The company used $89.7 million in cash running its operations during the quarter, compared with $27.1 million in the year-ago period. It ended the quarter with $1 billion in cash and cash equivalents and total debt of $1.1 billion.

For context, in Q1, Beyond Meat's revenue rose 11% year over year to $108.2 million, missing the $113.8 million the Street had expected. Adjusted for one-time items, net loss was $0.42 per share, compared with net income of $0.05 per share in the year-ago period. This result was more than double the loss of $0.19 per share that analysts had forecast.

Revenue breakdown

Geographic Distribution Channel  Q2 2021 Revenue Change (YOY)
U.S. retail  $77.2 million (14%)
U.S. food service  $24.0 million 269%
U.S. total $101.2 million 4.8%
International retail  $28.5 million 198%
International food service  $19.7 million 173%
International total $48.3 million 187%
Total revenue $149.4 million 32%

Data source: Beyond Meat. YOY = year over year.

U.S. retail was the only category whose sales fell year over year. Its 14% decline was actually a solid performance given its tough comparable. In Q2 2020, U.S. consumers' pandemic-driven stockpiling of frozen protein sources was at its height, which powered the category's sales up 195% year over year.

What the CEO had to say

Here's most of what CEO Ethan Brown had to say in the earnings release:

We are pleased to report record net revenues and the return to growth in foodservice as our customers welcomed consumers back to their venues. We are also proud of our retail performance, where we drove year-over-year growth despite cycling last year's demand surge driven by consumer panic-buying.

We continue to make substantial investments in our long-term growth here in the U.S. and abroad. ... We are thrilled with the response to our new Beyond Chicken product and the continued accolades we are receiving for our latest iteration of the Beyond Burger. ... I'm optimistic about what lies ahead. That said, given the recent uptick of COVID-19 cases, which could disrupt demand patterns, we believe caution for the balance of the year generally remains appropriate.
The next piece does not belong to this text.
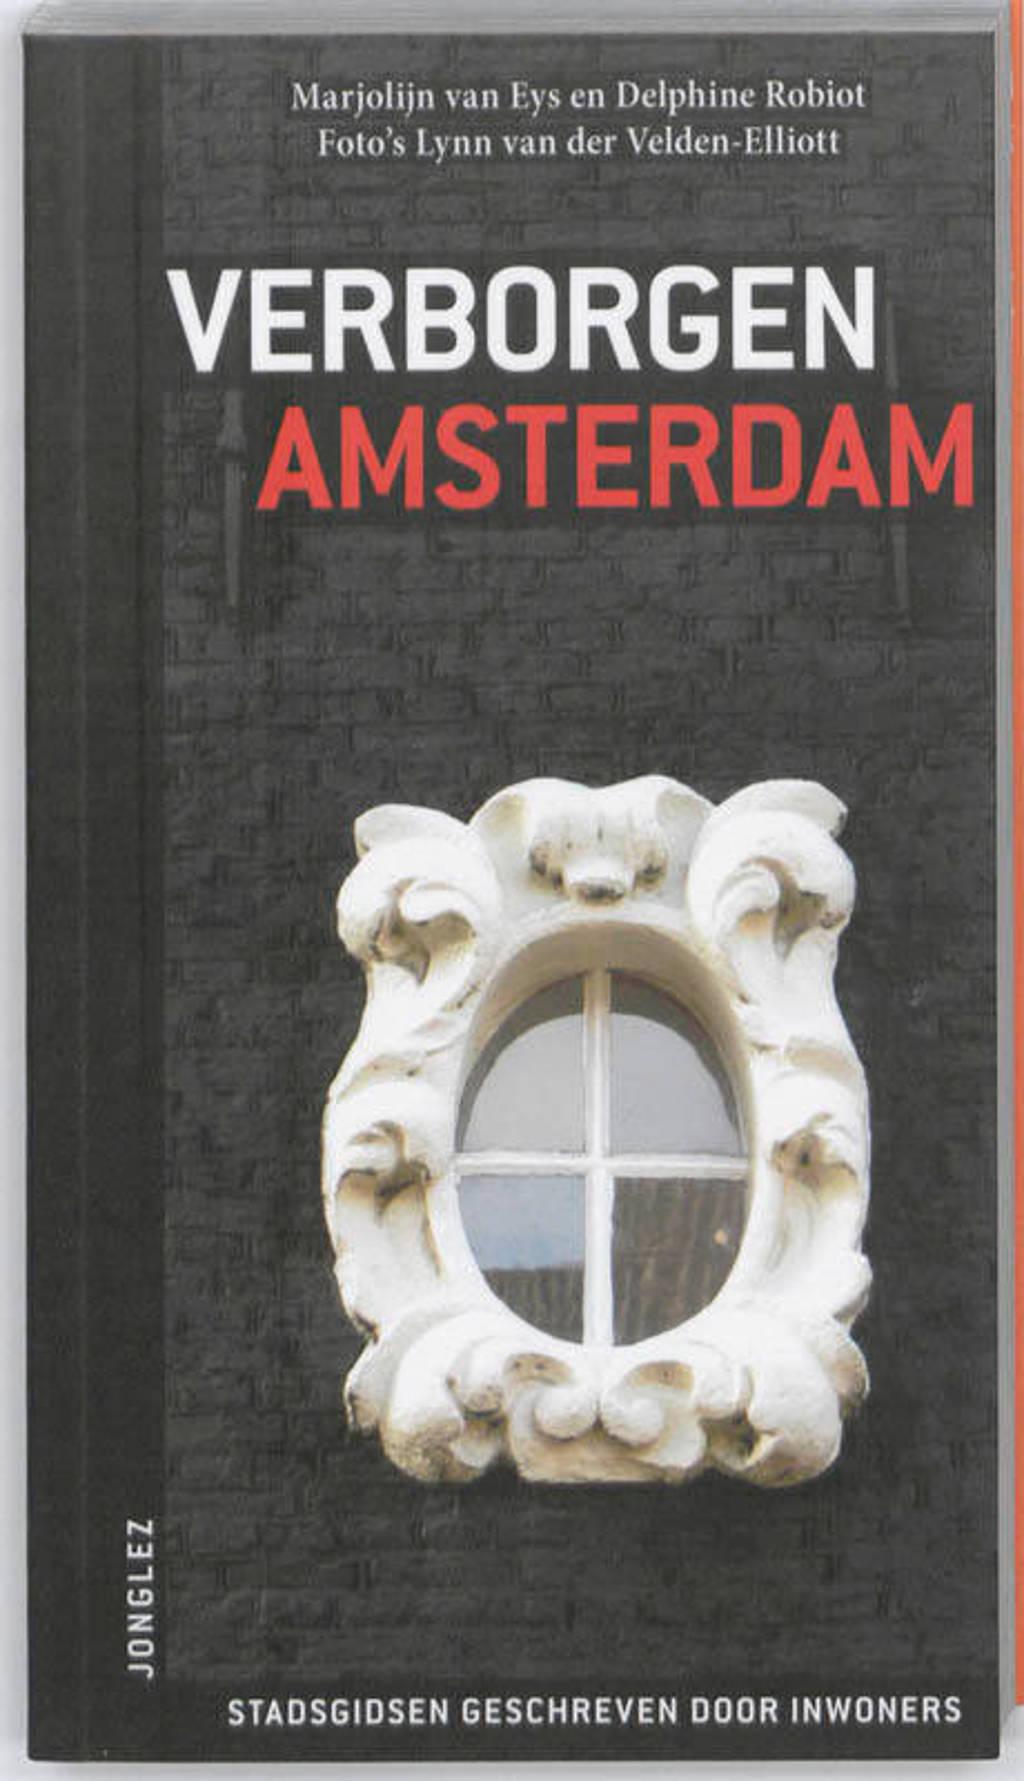 Michelin Editions Jonglez: Verborgen Amsterdam - Marjolein van Eys

Third-quarter revenue guidance lighter than expected

Management guided for Q3 sales in the range of $120 million to $140 million, representing growth of 27% to 48% year over year. Going into the release, Wall Street had been modeling for sales of $153.7 million, or growth of 63% year over year. So management's outlook was considerably lighter than analysts had been expecting.
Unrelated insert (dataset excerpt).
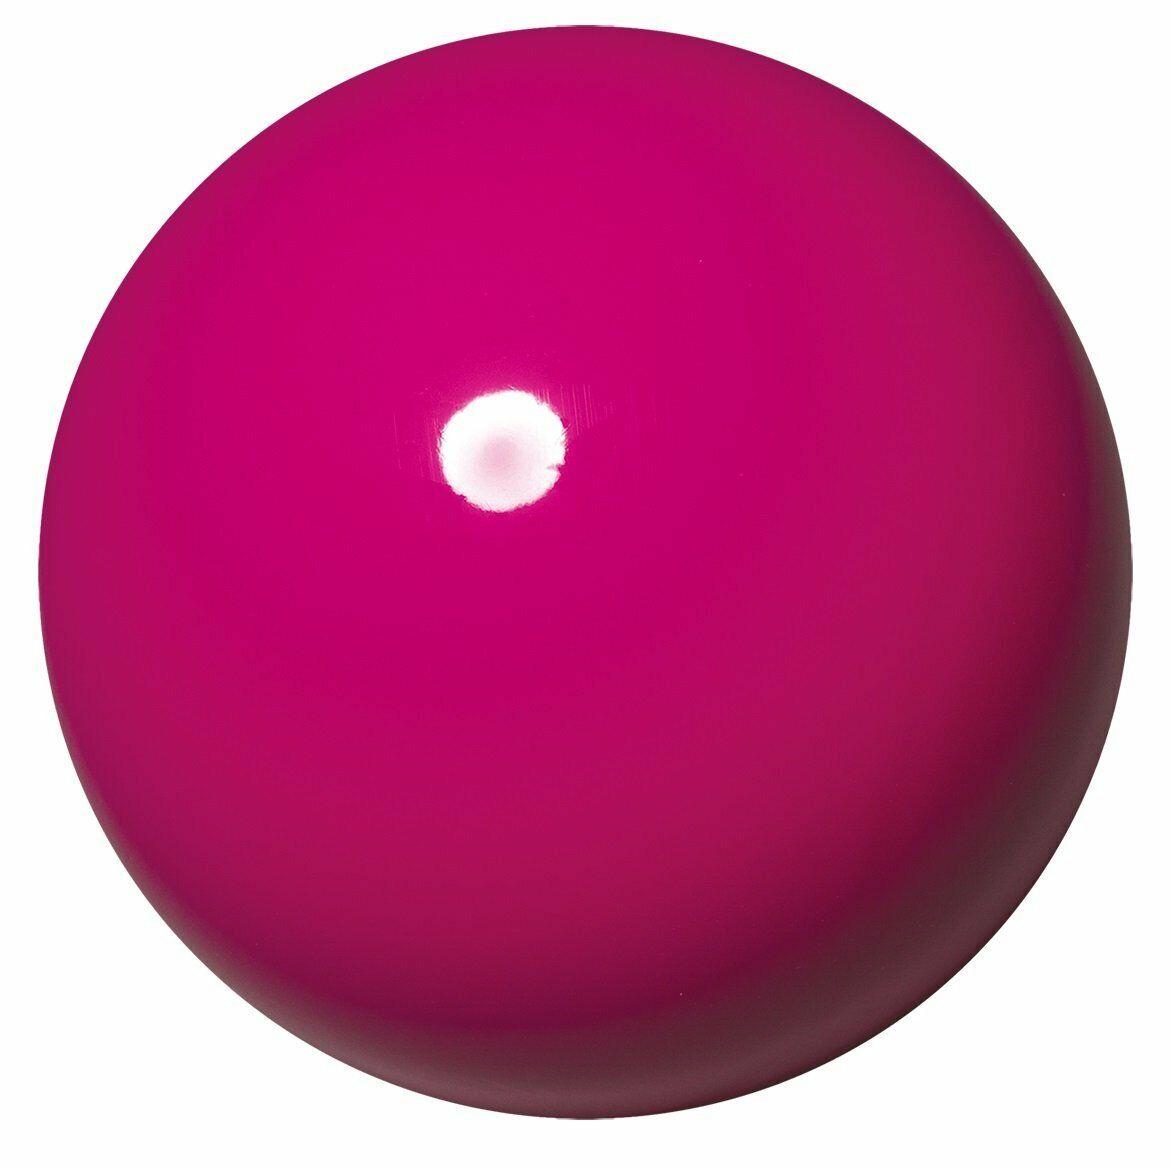 Sasaki Japan RG Rhythmic Gymnastics Gym Star Ball FIG  Approved M-20A-F Raspberry  cheap and high quality

As Brown said in his statement, management is being cautious with guidance due to the uncertainty surrounding the pandemic. Additional factors affecting the outlook include the company's expectation of a "sequential moderation in growth in foodservice channels following pipeline restocking activity in the second quarter" and "dampening of U.S. and international foodservice revenue growth due to recent losses of distribution and operator challenges due to labor issues."

A mixed report

Beyond Meat's Q2 sales growth is encouraging and its larger-than-expected loss isn't overly concerning at this early stage in its status as a publicly traded company.

However, it makes sense that investors are concerned about the Q3 sales guidance, given the company will have an easy comparable. In Q3 2020, its total sales grew just 2.7% year over year. That said, keep in mind that management is being cautious with its outlook, which is prudent since the market usually hammers the stocks of companies that miss their own guidance.